Managed to scrape the bottom of the last two remaining kegs (been a brewing drought here over christmas... but back into it this weekend ) & mail off 2 entries.....

California Steam Beer - Which is judged as a Pale Ale!
GT Rice Lager - Specialty

Asher for now


----------



## JasonY (28/1/05)

Well if the heat doesnt kill em I sent an APA and Munich Helles. Heres hoping for a decent score


----------



## mje1980 (28/1/05)

Beerfest is the first comp i have ever entered, and i brewed a nut brown ale. However, when i tasted it, with the guidelines in my hot little hand, it seemed more like a robust porter, so, after asking the wife a few questions ( who is bound to be impartial as she doesnt like the dark stuff!!!), i still entered it, but in the dark ale class as a robust porter!!. Not hoping for anything, just keen to get my beer judged/assessed/commented on by people in the know.


----------



## big d (28/1/05)

sent my one entry in.octoberfest.biggest fears....heat...distance.....and the friggin cost.postage from this far flung place is out there.  


big d B)


----------



## Pyssedas Heavy Industrial (31/1/05)

Hi everyone - have to share my sadness with someone -following the news that the beer that the Pyssedas gang most wanted to enter "Big Black Bertha" [a Russian Imperial Stout" we only had left in stubbies - we tried to rebottle and regas some stubbies into long necks but they did not regas properly - it was the bestest beer we had ever made but now will never be tasted

lesser beers but still entered are "son of bertha" [made with the remenants of bertha's fermenter], bermingham bathwater, and one of the infamous chicken beers - actually not all that nice [which is more a beer problem than a chicken problem if that makes sense]

sigh


----------



## sosman (8/2/05)

Good work PyssedAs. Just remind me which category you entered the chicken beer.

Also did you use chook pellets for bittering?
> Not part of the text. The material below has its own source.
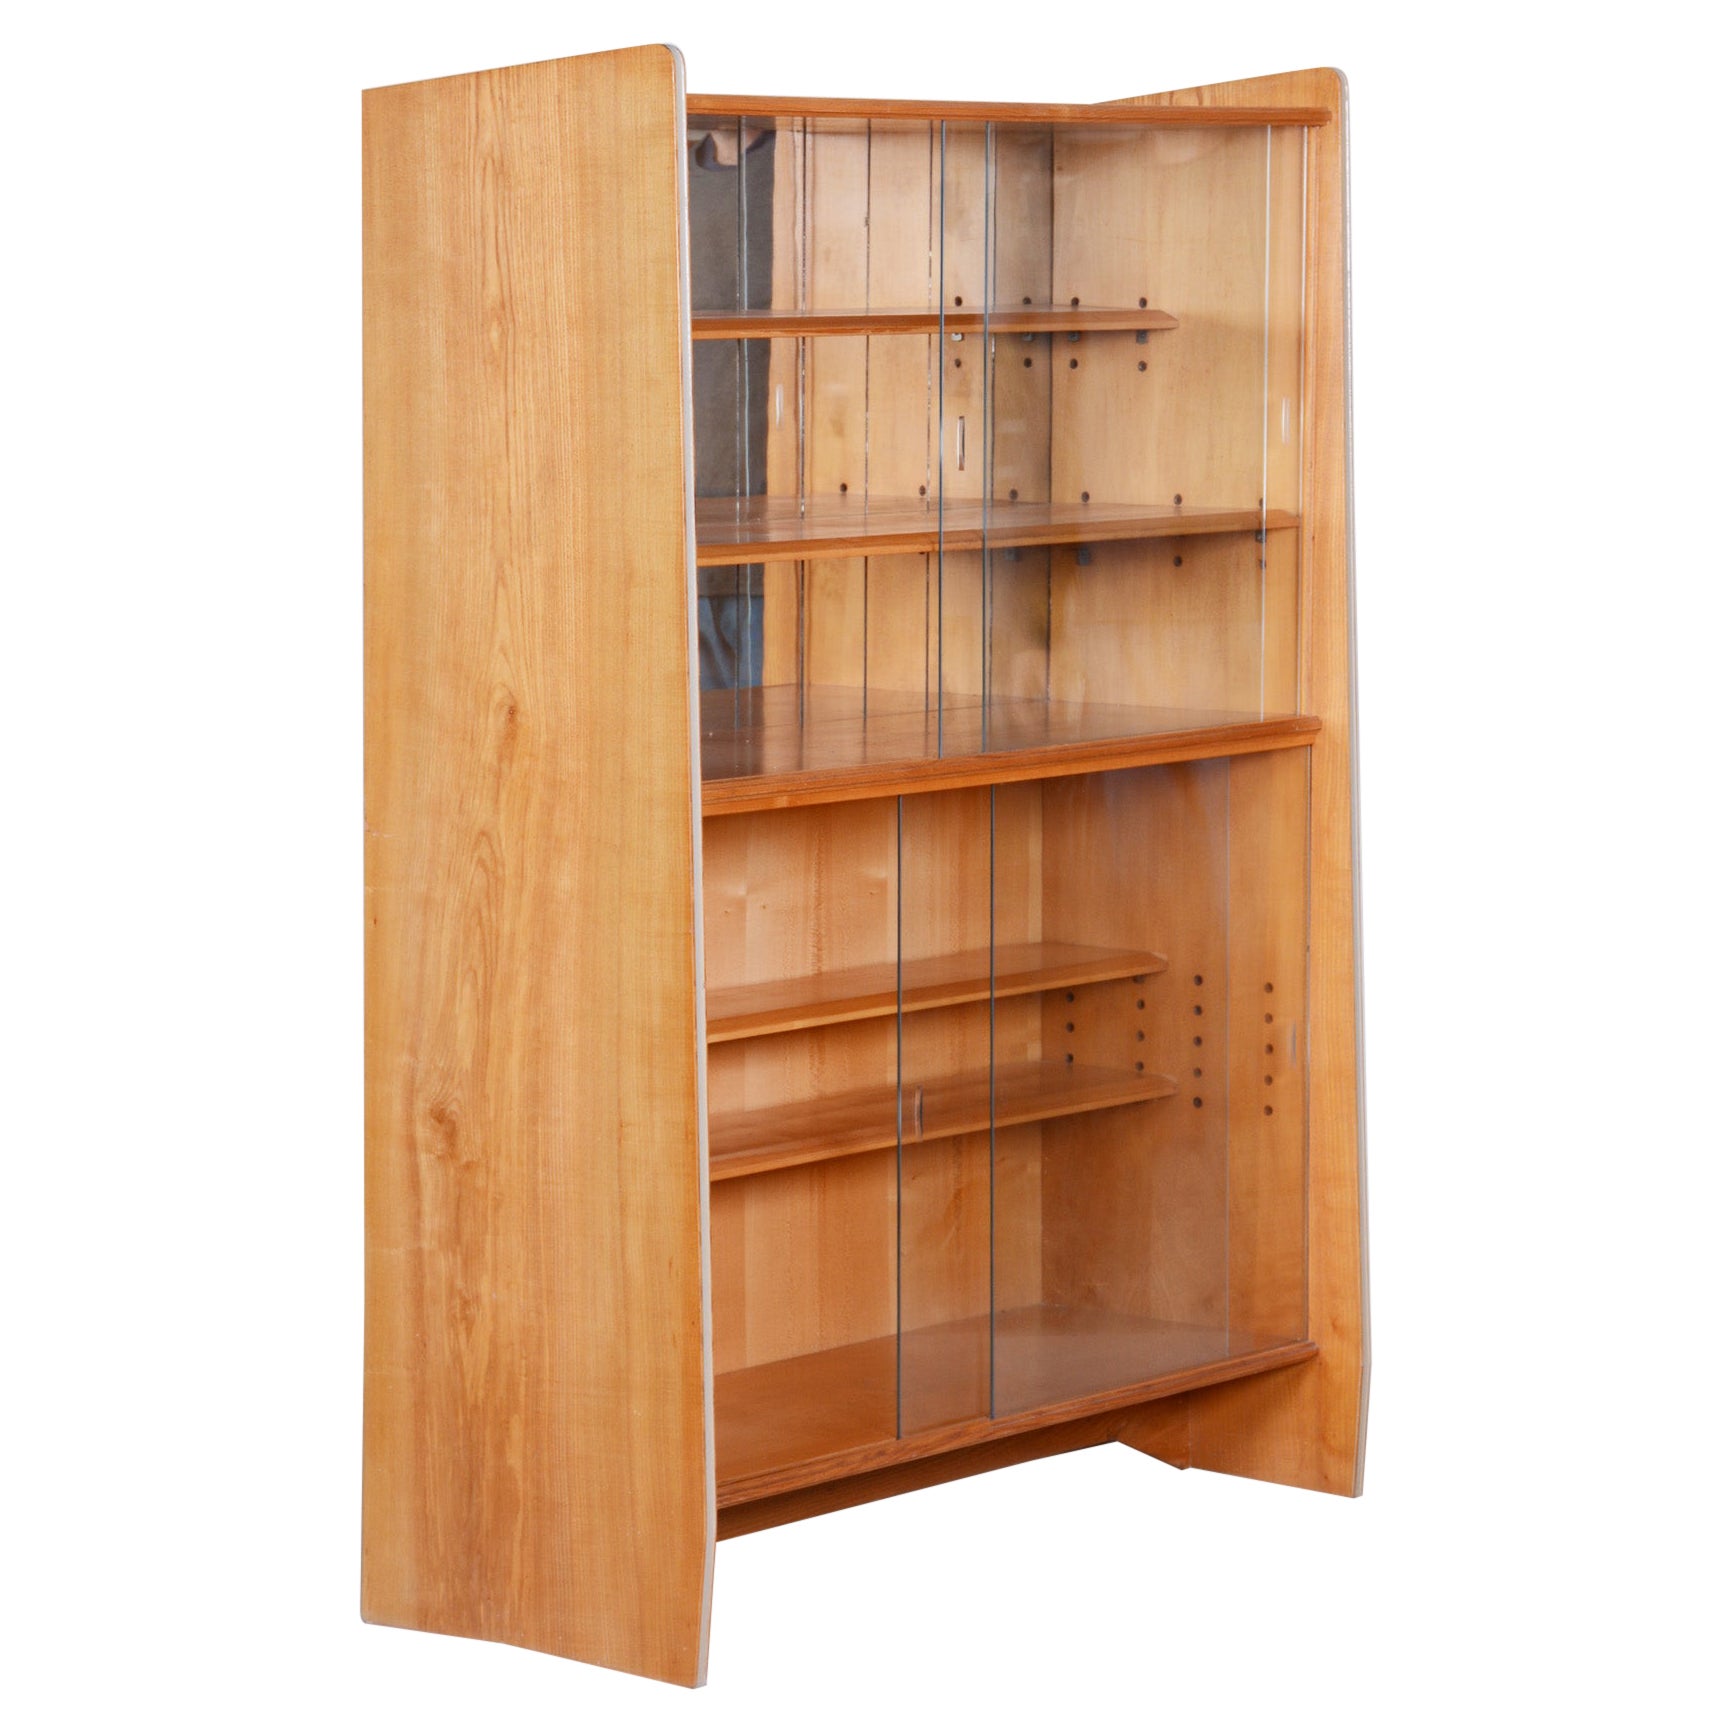 Unique Czech Ash Mid-Century Bookcase, 1950s, Well Preserved Condition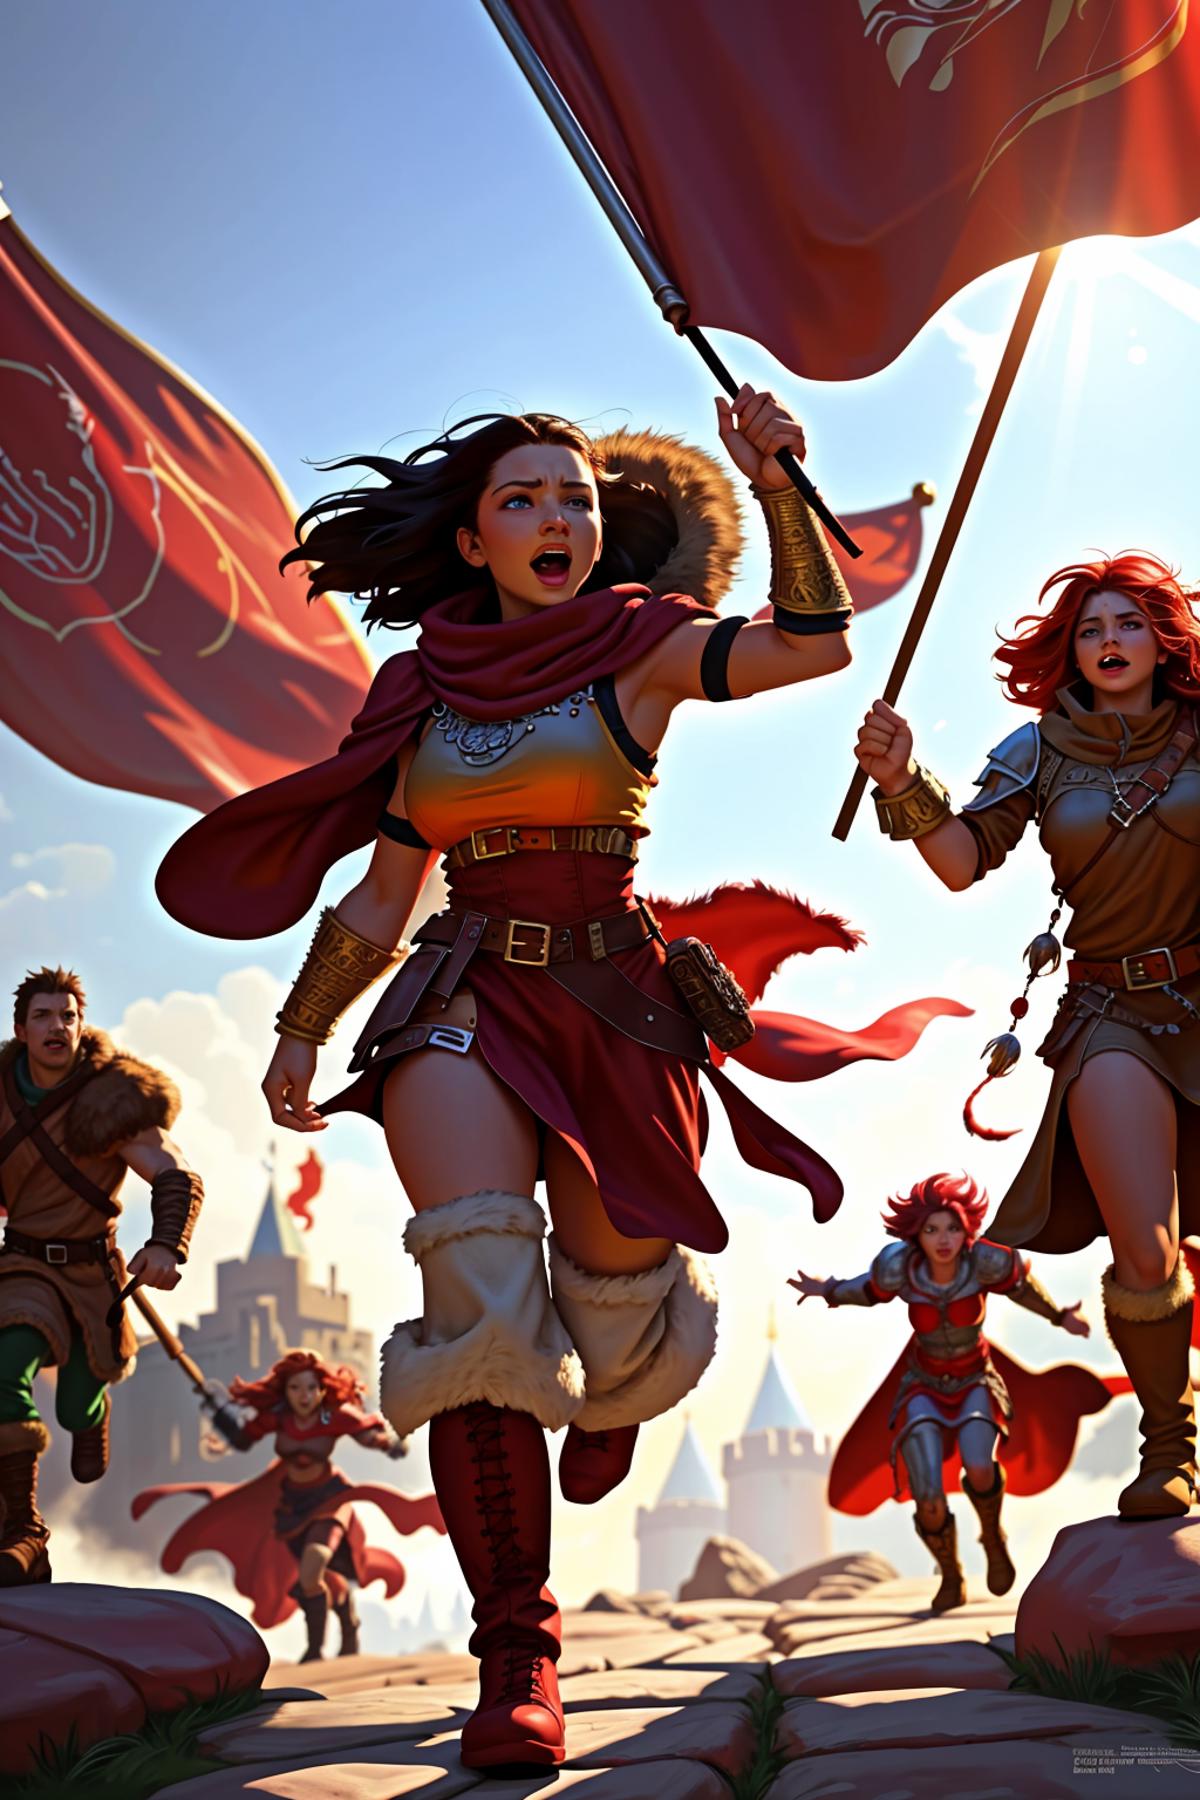 A group of warriors in a fantasy setting, with one woman holding a flag.

BTW Last minute entries into BeerFest won't be accepted this year (unless extreme duress can be demonstrated) - the entry form clearly states Feb 1 as cutoff date. I'm sure it doesn't apply to anyone on here but just making sure.

cheers


----------



## Pyssedas Heavy Industrial (9/2/05)

Forgive my memory on the precise category as i don't have the forms infront of me - but "speciality" or whichever phrase is most like that - being a judge in this category I expect would be an interesting task at the best of times


----------



## Asher (9/2/05)

Geez... I hope they get to mine before yours!!! :unsure: :lol:


----------



## sosman (9/2/05)

Pyssedas Heavy Industrial said:


> Forgive my memory on the precise category as i don't have the forms infront of me - but "speciality" or whichever phrase is most like that - being a judge in this category I expect would be an interesting task at the best of times


 There is always a queue to judge the high gravity.


----------



## Asher (14/2/05)

So....
Did anyone head out to the Grand Ridge on the weekend to check out the judging of beerfest 2005?


----------



## Vlad the Pale Aler (14/2/05)

Be patient Asher, our prizes will be winging their way across the Nullabor as we speak.


----------



## Asher (14/2/05)

Obviously Vlad.... B) 
But prizes aside...... was wondering if it was a good show.


----------



## sosman (14/2/05)

It was a *cracker* of a show. If you ever get a chance, it is one of the most fun weekends going.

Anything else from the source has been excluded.